Answer is A.
This is a Data Sufficiency mixture problem, specifically testing whether you can set up the weighted average equation and recognize what information is actually needed.
The setup: George has 1,000 gallons at 11% ethanol. He wants to add x gallons from Brian's to reach 12% ethanol. So:
(1000 * 0.11 + x * B) / (1000 + x) = 0.12
where B is Brian's ethanol percentage. Simplifying:
110 + Bx = 120 + 0.12x
Bx - 0.12x = 10
x(B - 0.12) = 10
x = 10 / (B - 0.12)
So we need exactly one thing: the value of B (Brian's ethanol %).
Statement (1): Brian's Biofuels provides 80% ethanol. That gives us B = 0.80, and x = 10 / (0.80 - 0.12) = 10 / 0.68. Solvable. SUFFICIENT.
Statement (2): The current tank has 10 gallons from Brian's and 990 from Dyon. This tells us the composition of the existing 1,000 gallons, but NOT what percentage of ethanol Brian's fuel contains.

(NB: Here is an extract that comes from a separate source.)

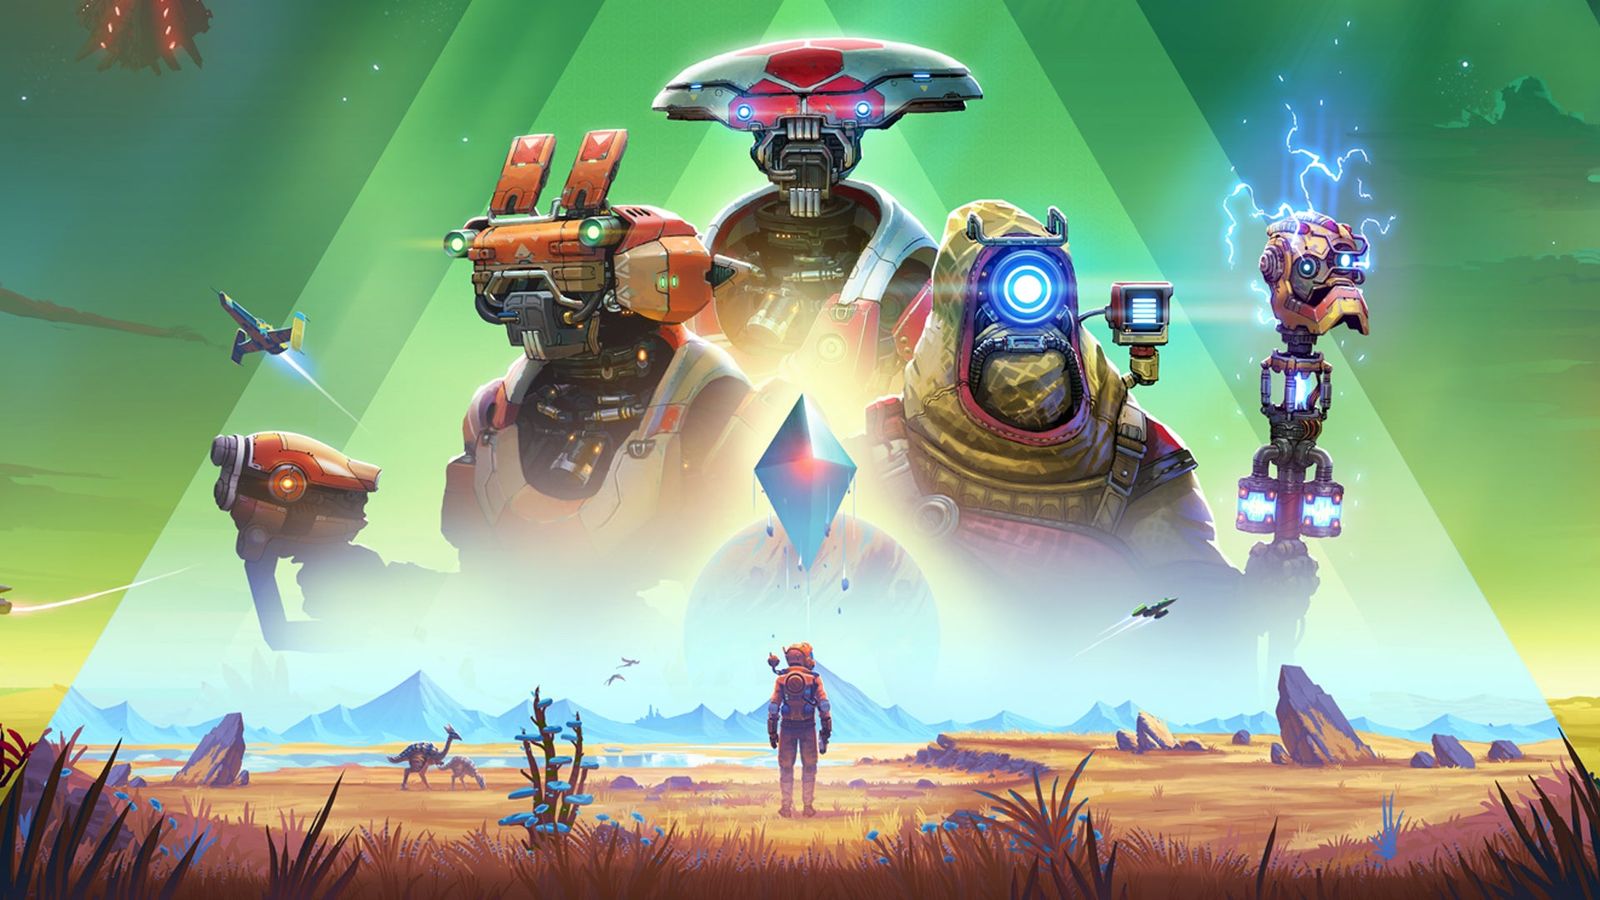 No Man's Sky Echoes robots in sky with space explorer in foreground

We still have 10 * B + 990 * D = 110, which is one equation with two unknowns. NOT SUFFICIENT.
Answer: A.
The trap most people fall into is thinking Statement (2) somehow tells them more than it does. It actually just restates information consistent with the problem setup (10 gal from Brian + 990 from Dyon = 1000 gal total at 11%). Redundant information, not new information.
Classic DS trap: information that looks useful but only confirms what you already know.